Advances in speech driven animation techniques now allow creating convincing animations of virtual characters solely from audio data. While many approaches focus on facial and lip motion, they often do not provide realistic animation of the inner mouth. Performance or motion capture of the tongue and jaw from video alone is difficult because the inner mouth is only partially observable during speech. In this work, we collected a large-scale speech to tongue mocap dataset that focuses on capturing tongue, jaw, and lip motion during speech. This dataset enables research on data-driven techniques for realistic inner mouth animation. We present a method that leverages recent deep-learning based audio feature representations to build a robust and generalizable speech to animation pipeline. We find that self-supervised deep learning based audio feature encoders are robust and generalize well to unseen speakers and content.

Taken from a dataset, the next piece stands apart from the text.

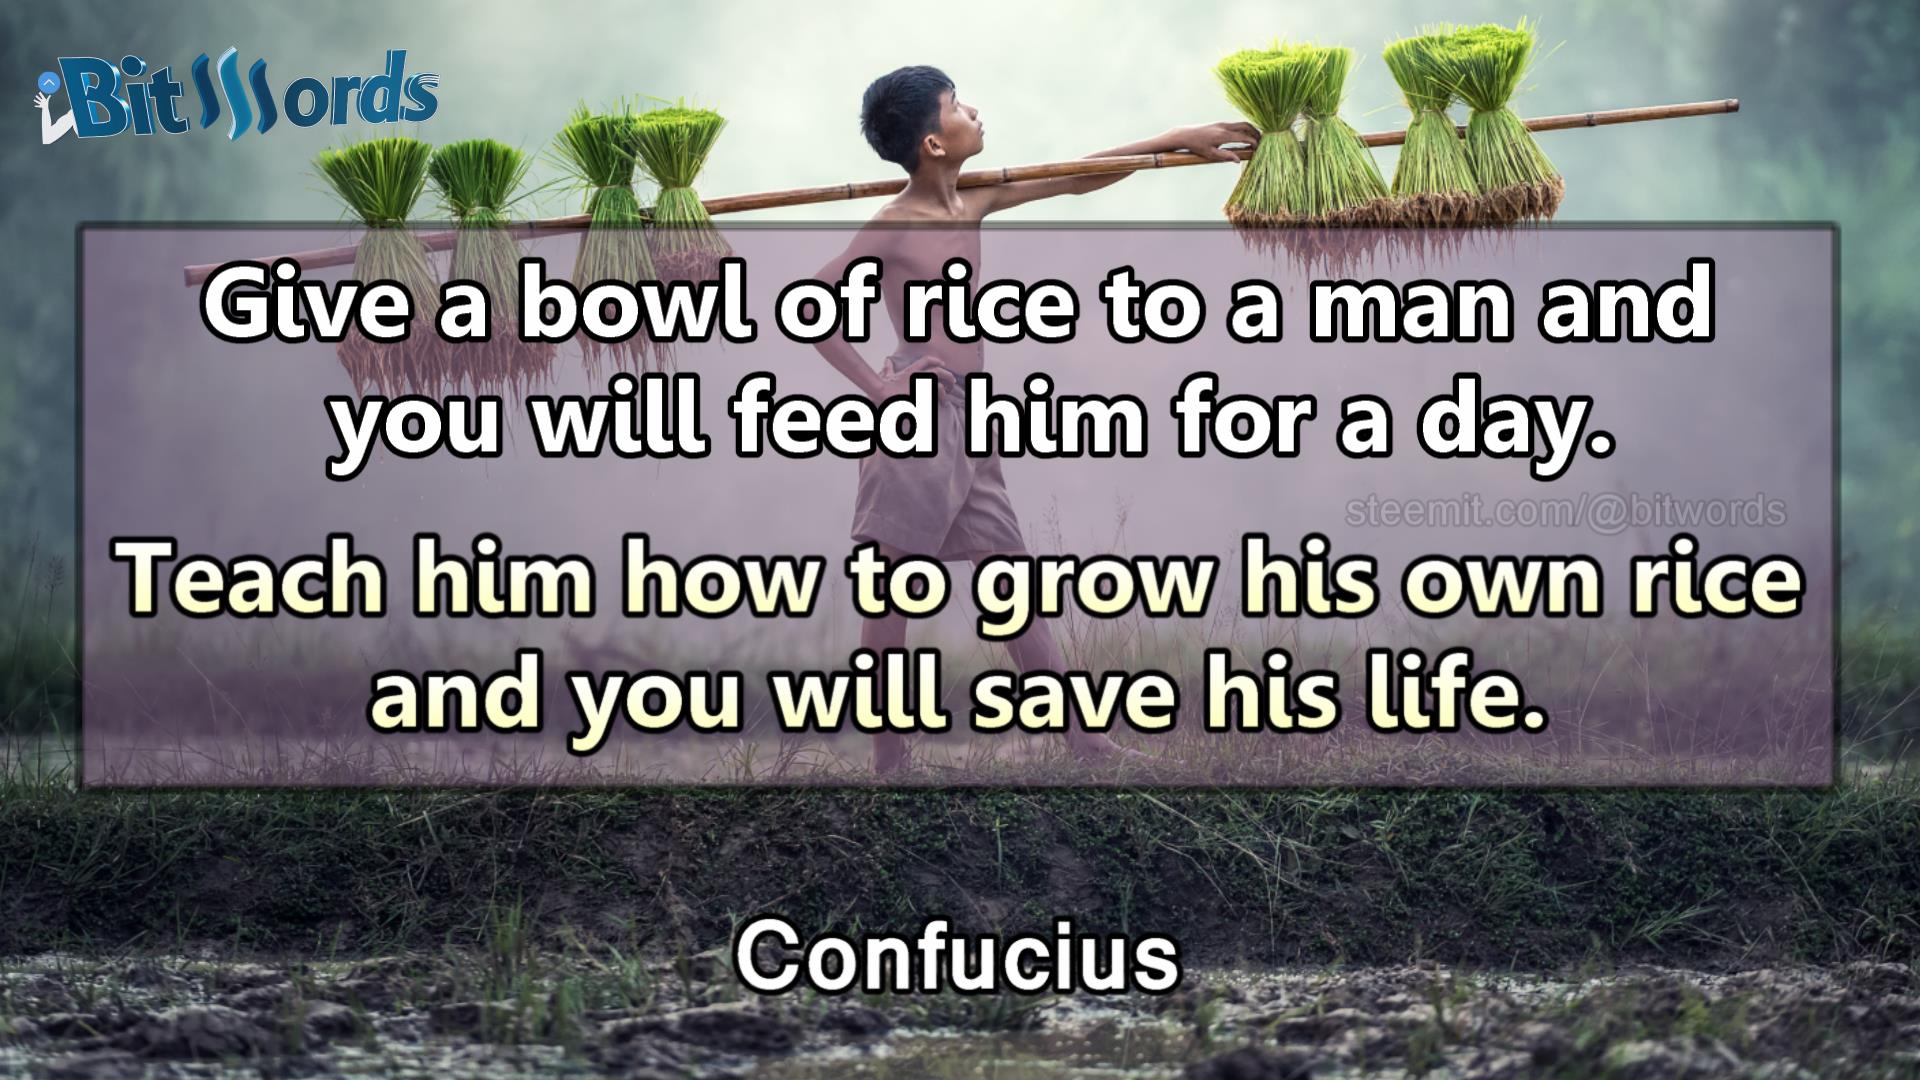 bitwords steemit quote of the day confucious give a bowl of rice to a man and you fill feed him for a da teach him to grow his own rice and you will save his life.jpg

Links: [Project] | [Paper] | [Video] | [Data]
The data can be downloaded from this link. The dataset includes:
- Mono audio in
wav
format with a sample rate of 16 kHz - EMA 3D landmark sequences @ 50 FPS
- Audio transcripts
👷👷👷 UNDER CONSTRUCTION 👷👷👷
Create the conda environment from the yaml file envs/tongueanim.yaml
conda create -f envs/tongueanim.yaml
Our best model uses Wav2Vec audio features. For this you need to download the model from the Fairseq repository and place it under the models/
folder.
Our pipeline consists of the following stage:
- Extract audio features from wav2vec model
- Build the dataset to train the model
- Train the landmark prediction model
- Evaluate the model
- Visualize the model
If you find this work useful on your research, please cite our work:
@inproceedings{medina2022speechtongue,
title={Speech Driven Tongue Animation},
author={Medina, Salvador and Tomé, Denis and Stoll, Carsten and Tiede, Mark and Munhall, Kevin and Hauptmann, Alex and Matthews, Iain},
booktitle={Proceedings of the IEEE/CVF Conference on Computer Vision and Pattern Recognition (CVPR)},
year={2022},
organization={IEEE/CVF}
}
Our code is released under MIT License.
The license agreement for the data usage implies citation of the paper. Please notice that citing the dataset URL instead of the publication would not be compliant with this license agreement.